Please note AAM is an Irish site, so regs here differ to those in England / Scotland.

I'm no expert, (others on here are) but you do need to provide sufficient ventilation to maintain a healthy environment. I'd imagine sufficient trickle vents to achieve this may make it impossible to meet those air tightness levels.


----------



## lowCO2design (10 Dec 2013)

markd said:


> Does anyone know the reason that trickle vents can't be used on very airtight buildings?


yes its in part F of the building regs 
have you considered DCMEV by Aeroco or similar 

show us where in the Scottish regs they relax this vent issue?

why are you anti mvhr? did you not budget for it?


----------



## markd (10 Dec 2013)

Thanks for that.

Had a look at the Part F that you attached.
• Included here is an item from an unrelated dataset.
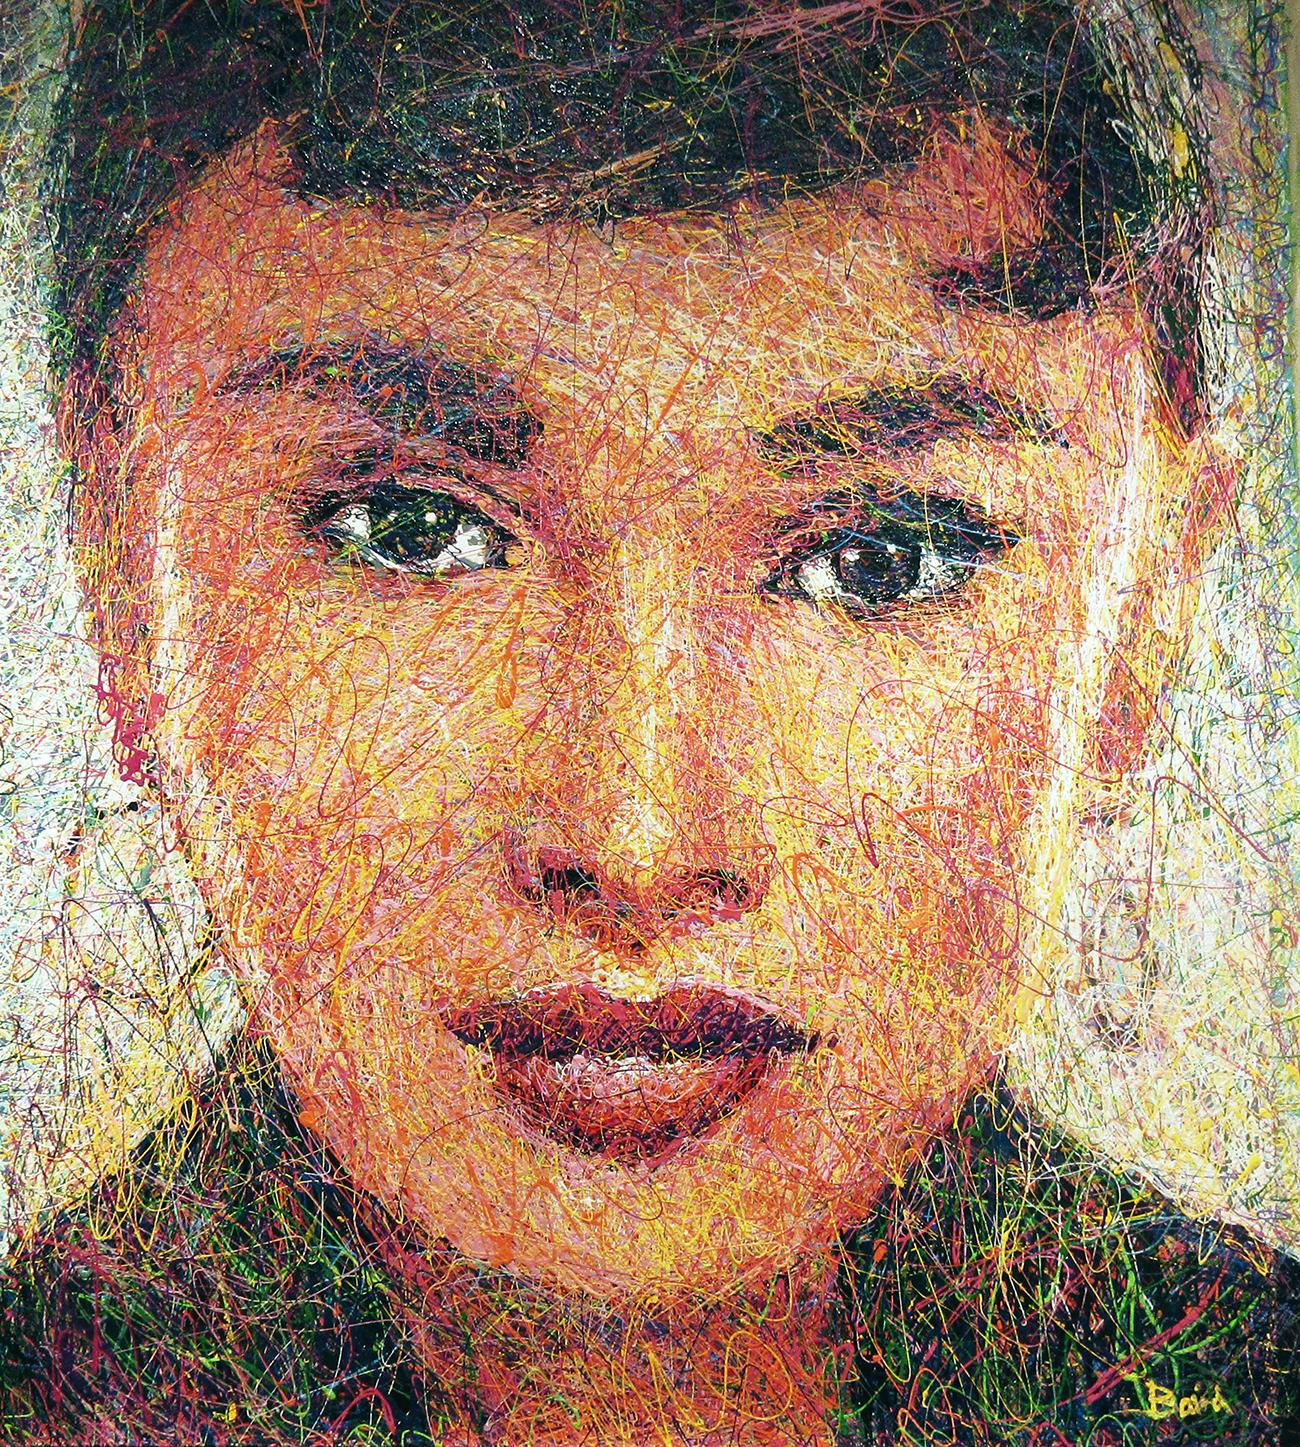 "Audrey 1/15/18 52"" x 45"" Acrylic on canvas"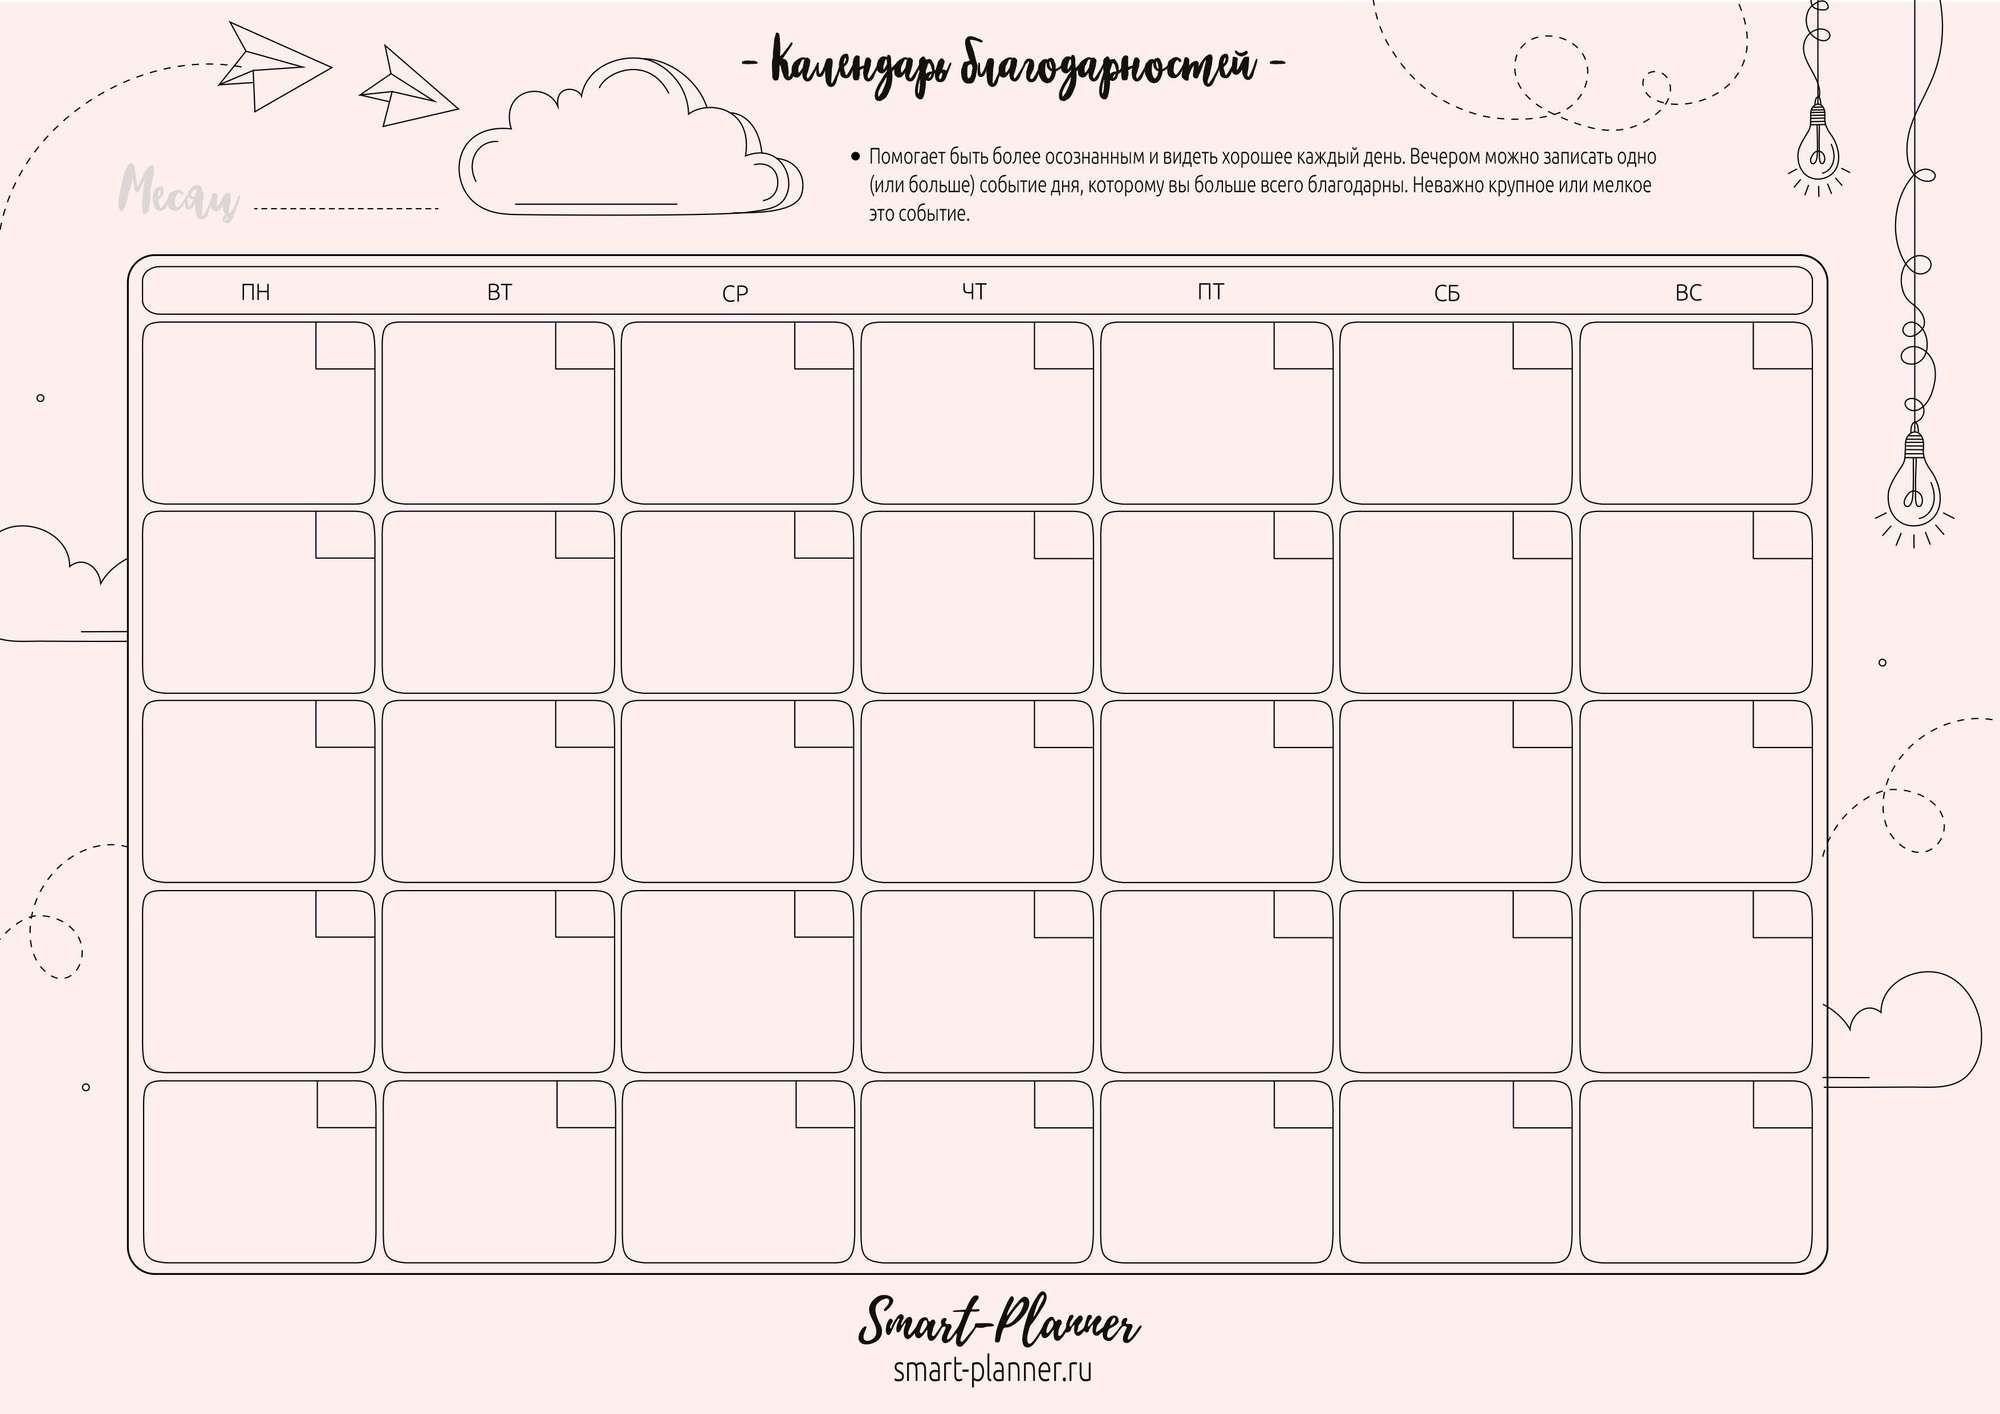 Картинка чек лист и календарь они были

It seems as though both the English and Irish regs allow trickle vents to be used <5m3/m2/h, by increasing the equivilent area. Scotland doesn't allow this for some bizzare reason - they think it will cause condensation and IAQ problems...where is the research that shows this though.

At the moment if you target 5 and acheive 2 after testing, they will probably ask you to fit MEV, its costly madness. Sorry couldn't attach link to the regs as I've not made enough posts yet!

I'm not anti-MVHR, it's just not always the right answer, I think.


----------



## lowCO2design (12 Dec 2013)

mark 
assuming your building a house 
have you carried out a provision BER? (to allow you to review options to achieve compliance with part L)


----------



## lowCO2design (12 Dec 2013)

markd said:


> Thanks for that.
> 
> Had a look at the Part F that you attached. It seems as though both the English and Irish regs allow trickle vents to be used <5m3/m2/h, by increasing the equivilent area. Scotland doesn't allow this for some bizzare reason - they think it will cause condensation and IAQ problems...where is the research that shows this though.
> 
> ...


why is it madness?
& when do yo think it IS the right answer?


----------



## Lanni (16 Dec 2013)

To comply with Part F, you must increase the trickle ventilation area by 40% if the airtightness level is less than 5m3/m2/hr. If you are looking at less than 3m3/m2/hour, I would definitely recommend MVHR.
It is always better to have planned all this at the start by checking drawing compliance using the DEAP software.


----------